Some IT problems are easy to solve if one has the ability to control parameters and environments. When there are constraints, however, things can get really tough.
I found myself in such a constrained scenario. I needed to develop a GitLab CI/CD pipeline to install and run a Ruby application kitchen-terraform (GitHub link) on a GitLab CI/CD executor on which I had a very limited set of OS packages (GNU/Linux, Centos-based, yum) I could install. The Ruby version available was very old. In addition, the standard way of installing Ruby gems (language packages) using https://rubygems.org/gems was unavailable. Also, the repository where Ruby source is available is not accessible.
Add to this that I had a work environment available but it was a highly constrained Microsoft Windows system. I could not install Ruby or any other software on that machine. I was able to send myself brief emails from outside systems, however. And, I could download a Ruby source bundle via browser and Ruby gems were available. This Windows system has a install of Python 3.9 with the standard library along with a limited set of additional Python PyPI packages.
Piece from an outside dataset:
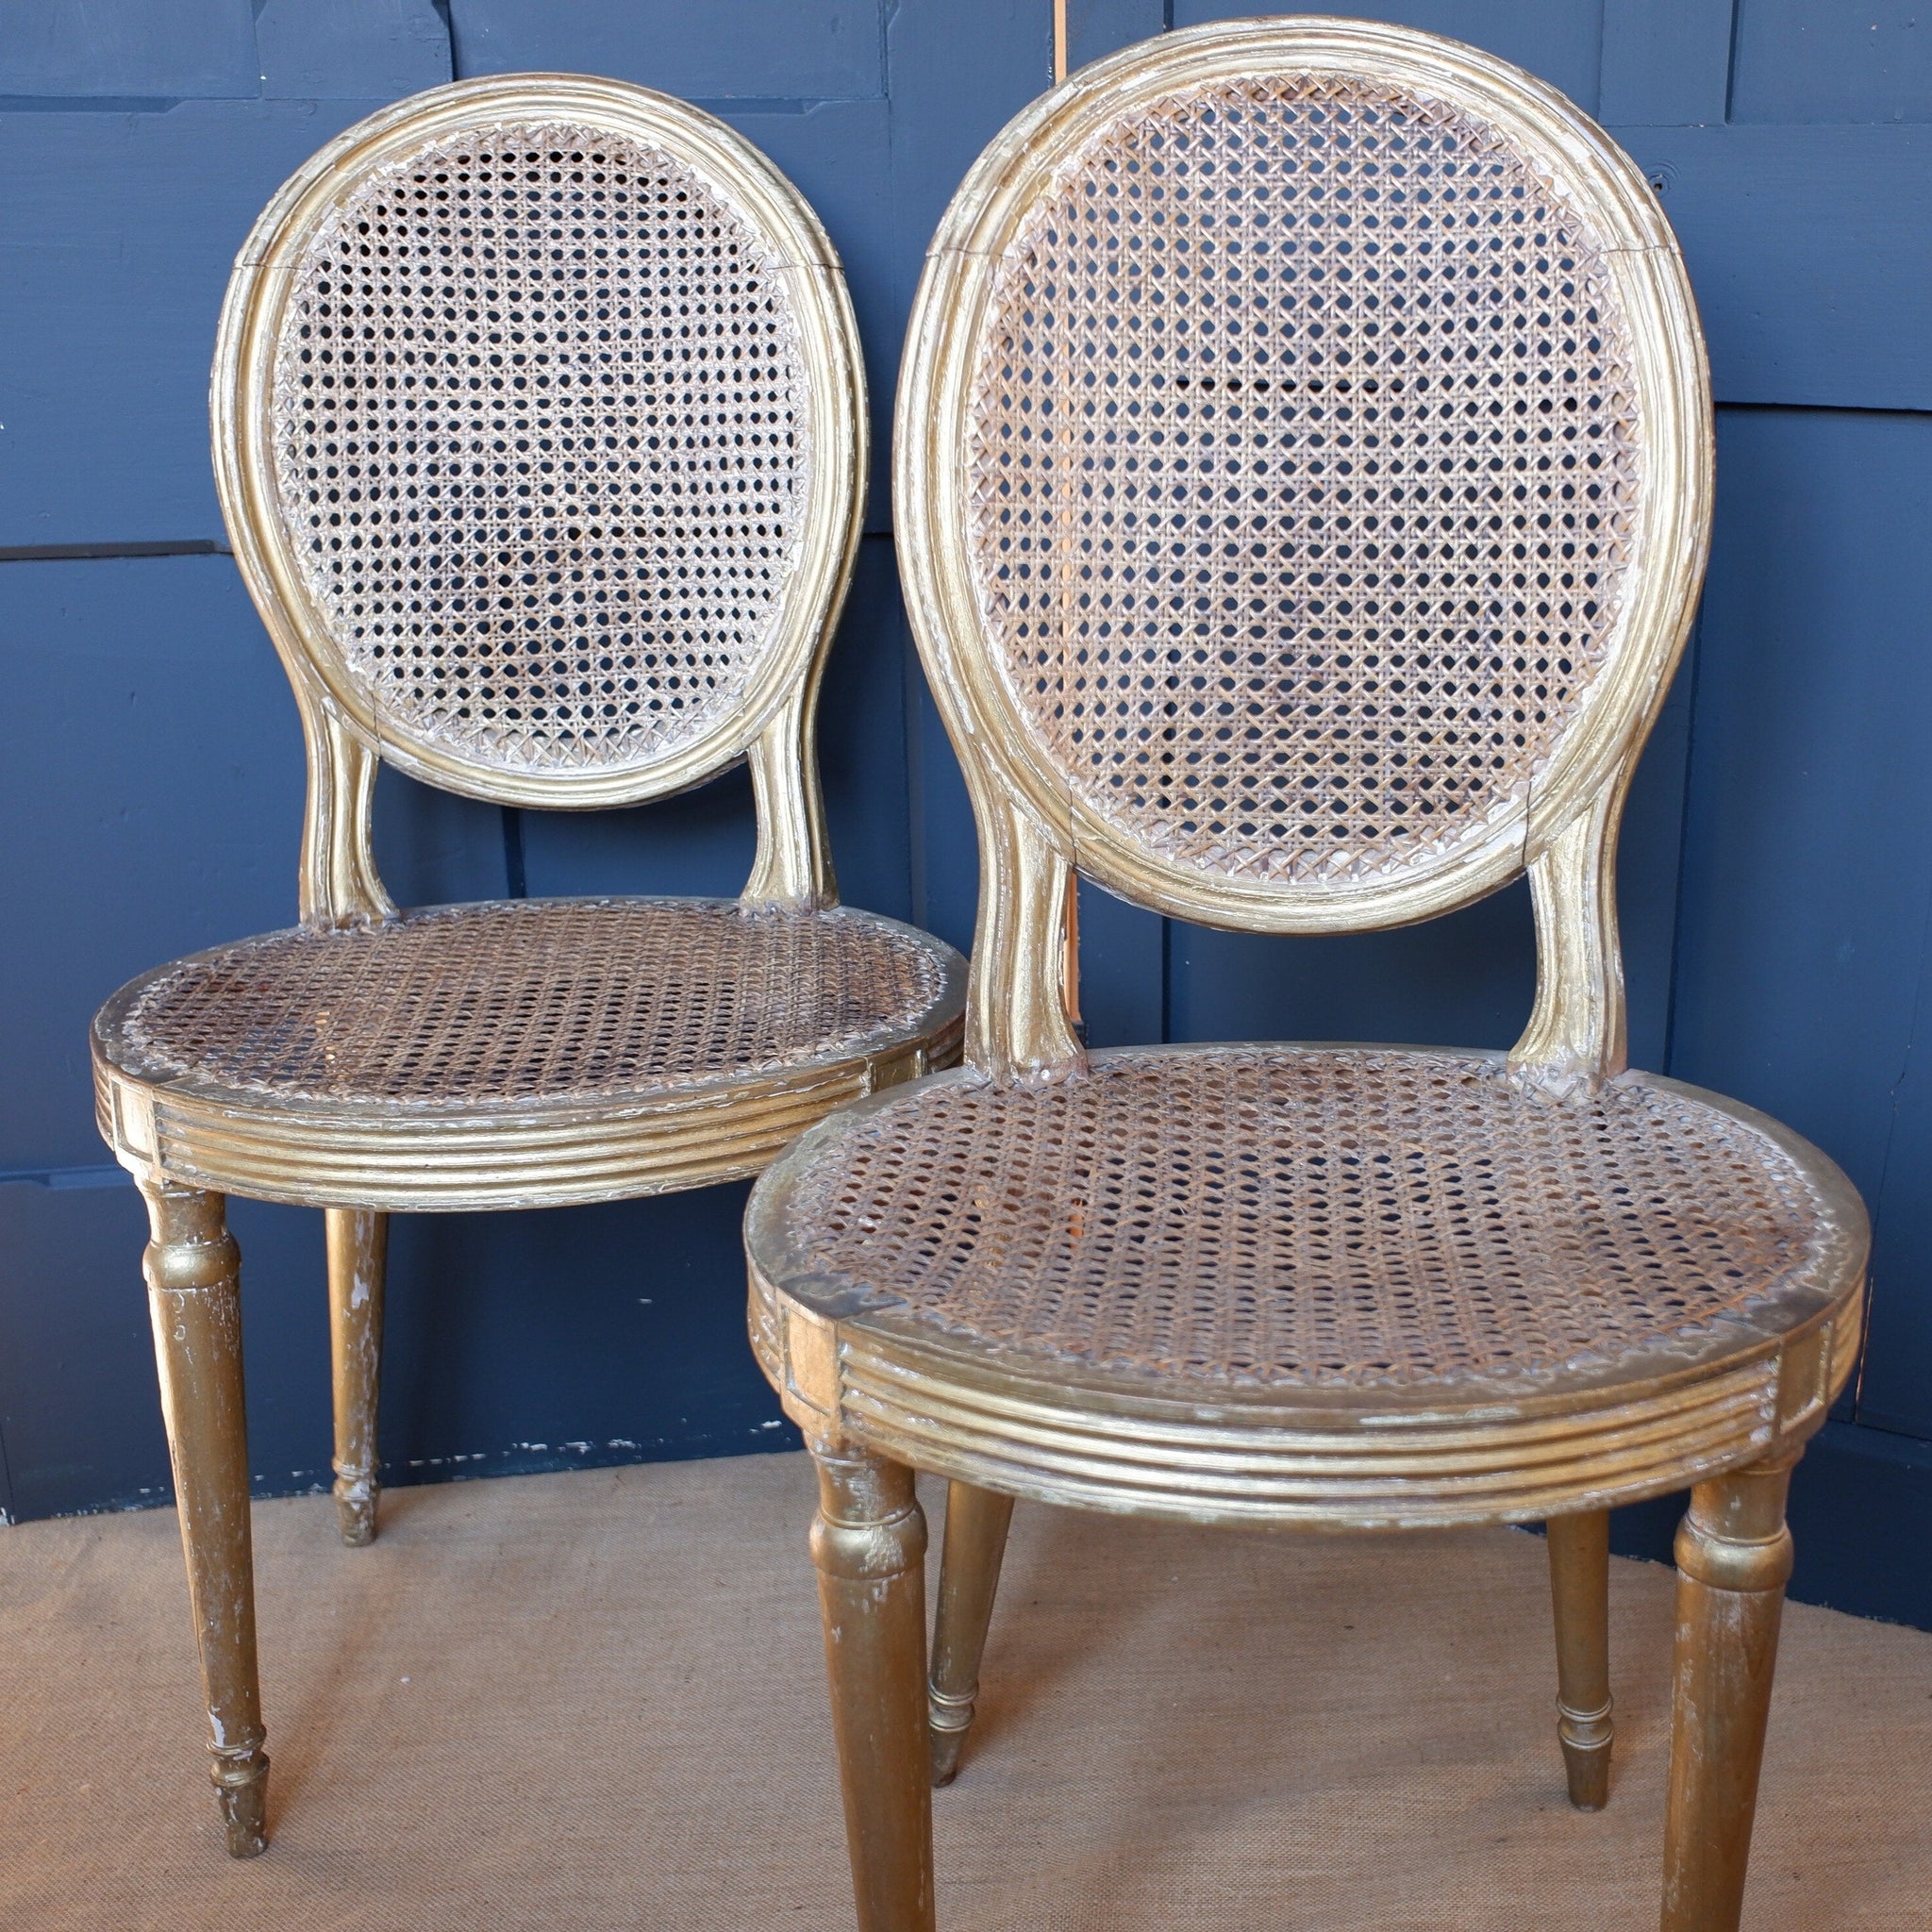 Pair of Antique FRENCH Louis GOLD Gilt Cane Shabby Chic Hall Boudoir Side Chairs

However, I do have a Linux system that is isolated over which I have full control.
So, let's break this problem down into parts. First, let's build Ruby from source. Via the Windows system I downloaded the Ruby source package ruby-2.7.6.tar.gz and I could insert this into my GitLab git repo, and I started populating the vendor directory with this. Vendor is a typical directory that has meaning to Ruby and its gem ecosystem. So, building Ruby from source is straight forward. Need to install some OS packages - to be able to build Ruby and a few other things I needed to do. Squelch the output of these commands once I know they work well. This will keep the transcript of the GitLab pipeline from being noisy. This will do it:
yum install 'Development Tools' -y &> /dev/null
yum install openssl-devel openssl -y &> /dev/null
tar xf vendor/ruby-2.7.6.tar.gz
cd ruby-2.7.6
./configure --without-rdoc > /dev/null
make > /dev/null
# GitLab CI/CD pipelines run with root as the user
# so no sudo required on this next command
make install > /dev/null
Building Ruby from source takes a bit of time. My pipeline is going to be running regularly so it would be a nice addition if we don't have to do that every run. I cannot permanently change the GitLab executor, though that would be idea. But, GitLab CI/CD has a cache feature, which allows one to save a portion of the directory structure from the prior run of the pipeline and restore this prior to the next run. So, what if we captured the full Ruby build and set that to be cached. Then just run the 'make install'. Seems to make sense.
However, the Ruby build process using a lot of makefiles is a horrendous mess. It actually compiles C code during 'make install'. Yeah, that is badly broken. Beside not building Ruby every time, it would be ideal to not have to even install the Development Tools via yum, because that takes some unnecessary time. So, begin picking apart the makefiles and figure out what 'make install' is actually doing and what can be done to subset these steps. About 8 hours later, I have the minimal set of commands. However, we need a helper makefile to be added to the suite of other makefiles. Let's call this makefile 'only-install-ext.mak' and we will place it at the root directory. This is the contents to put in that file:
${INSTRUBY} --make="$(MAKE)" $(INSTRUBY_ARGS) --install=ext-comm
${INSTRUBY} --make="$(MAKE)" $(INSTRUBY_ARGS) --install=ext-arch
Here is the minimal script to install a previously built Ruby:
yum install make -y > /dev/null
make do-install-bin
make do-install-lib
make -f GNUmakefile -f only-install-ext.make install_ext_special
make do-install-gem
Ok, one more optimization we can do is to reduce the size of the cache GitLab maintains. This means less time restoring the cache. With some iterations, one can determine which directories of the Ruby build are really not needed by deleting the directories and determine if the above install process still works or the directory is needed. These directories are not needed: basictest benchmark bootstraptest cygwin doc sample spec test win32. So, with the full build process, we remove these directories so that, at the end of the pipeline execution, they will not be present to be added to the cache. In the pipeline configuration, we can add this to capture the cache:
build_job:
...
cache:
key: ruby
paths:
- ruby-2.7.6
So, here is the full shell script (bash) for the building/installing Ruby. We start by checking if the cache has been restored. If it has, we just do the "make install" process.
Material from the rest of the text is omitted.